Therefore, the Ministry of Public Work, will conduct a new investigation to determine a feasible means of providing an access route for Ms. Karngar’s property.

On January 15, 2009, the Minister of Public Works wrote the following letter to Dr. Emery and Sharon Cooper:

OUR REF NO.: LD/MPW-RL/0006/’09

January 15, 2009
Dr. Emery and Sharon Cooper
24th Street, Sinkor
Monrovia, Liberia

 

Dear Dr. and Madam Cooper:

I reference the letter of 14 August 2008, in which the Ministry of Public Works promised to conduct a new investigation into the complaint of Ms. Karnga regarding the lack of access to their property and residence. The Ministry, in preparation for the investigation, sought and obtained the deeds to the properties of both the Coopers and Karnga. After a thorough evaluation and verification of the respective deeds as well as an assessment of the physical layout of the neighborhood, we have observed the following:

1. The deed submitted by the Cooper family has not been verified, attested and/or approved by the Ministry of Lands, Mines and Energy.

2. The land area occupied by the Cooper family appears larger than the deed claims.

On the basis of these findings and in a bid to resolve this matter amicably, the following critical steps must be taken:

1. That the Coopers re-survey their property with the full knowledge and participation of the Government of Liberia (Ministry of Public Works and Lands, Mines and Energy) as soon as possible; and,

2. Pending the, re-survey, the Coopers are required to re-open the access road leading to the Karnga’s property not later than Wednesday, 21 January 2009.

I urge the Cooper and Karnga’s families to exercise restraint and cooperate with the Government in the peaceful resolution of this matter.

Regards,

Sincerely yours,
Loseni Donzo
MINISTER

The appellants did not reopen the access road leading to the appellees’ property on January 21, 2009, as required by the Minister of Public Works.

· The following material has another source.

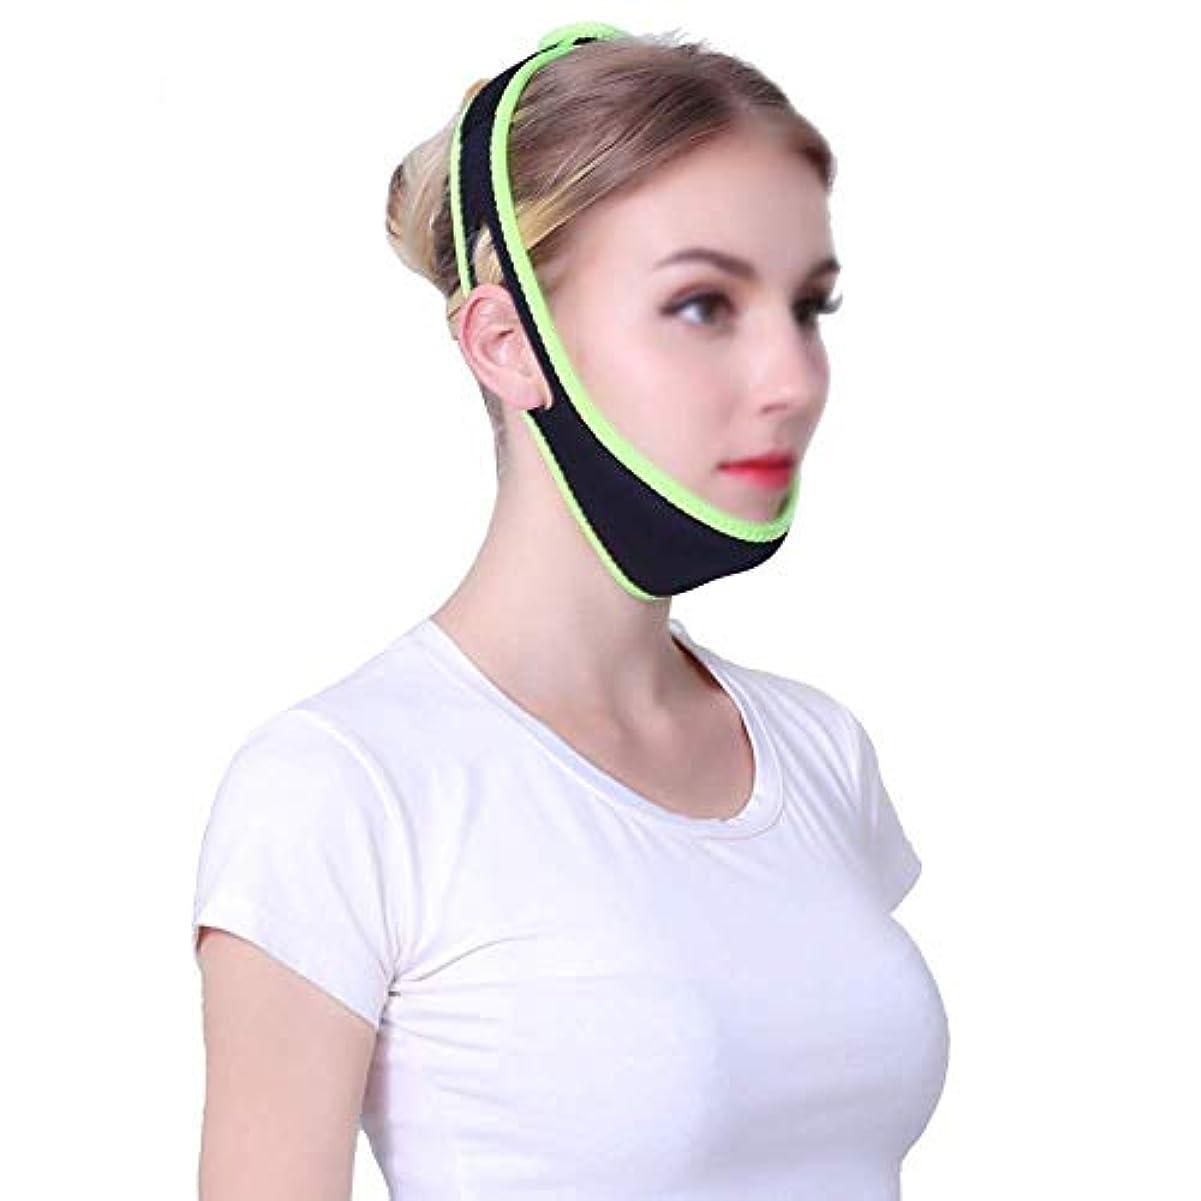 サイクルクリエイティブ代替引き締めフェイスマスク、小さなVフェイスアーティファクト睡眠リフティングマスク付き薄型フェイスバンデージマスク引き締めクリームフェイスリフトフェイスメロンフェイス楽器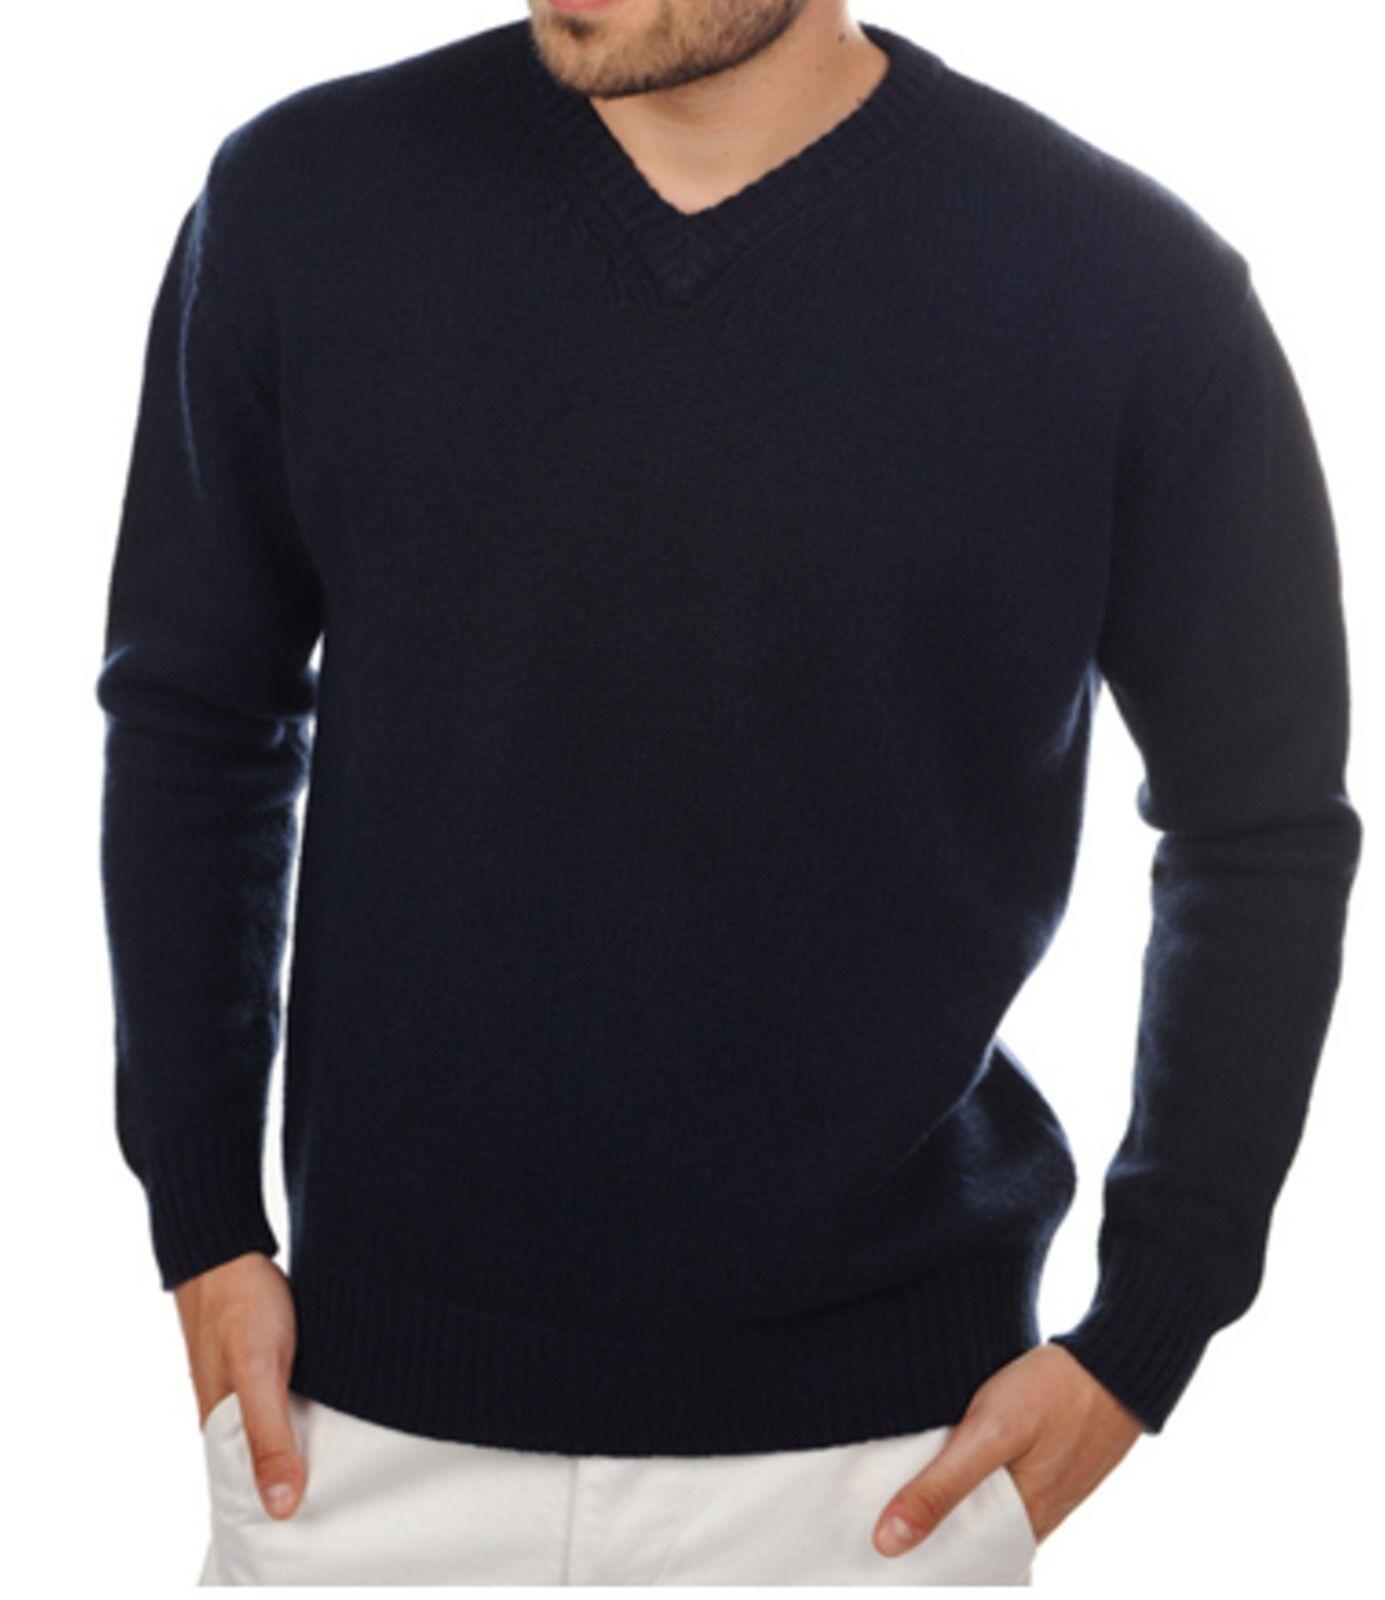 Balldiri 100% Cashmere Kaschmir Herren Pullover V Ausschnitt dunkelblau 8-fäd.XL

On August 14, 2009, the appellees filed a six-count petition for the enforcement of the order from the Ministry of Public Works contained in the letter quoted above. We quote counts 1, 2, 3, 4, & 5 of the petition:
PETITIONERS’ PETITION
1. That petitioners are the legitimate owners of a parcel of land with structure thereon lying and situated on 24th Street, Sinkor, Montserrado County, Republic of Liberia Your Honor is respectfully requested to take judicial notice of the trace of petitioners’ grantor’s title deeds hereto attached and marked as Exhibit p/1 in bulk.

2. That in March of 2008, respondents herein named created a blockade on the pathway leading to petitioners’ property and that in consequence of same, a letter of complaint was sent to the Ministry of Public Works, which necessitated an investigation and it was concluded that the pathway leading to petitioners’ properly is in no way traceable on respondents’ title presented for the investigative survey. Your Honor is respectfully requested to take judicial notice of the exchange of communication between the Ministries of Lands, Mines, and Energy and Public Works, petitioners, and respondents’ lawyer hereto attached and marked as EXHIBIT P/2 in bulk.

3. That petitioners say and maintain that the notification of adjourning property owners, an investigative survey was conducted and a finding from same was distributed amongst the parties (petitioners & respondents). Your Honor is respectfully requested to take judicial notice of the said report hereto attached and marked as EXHIBIT P/3 in bulk.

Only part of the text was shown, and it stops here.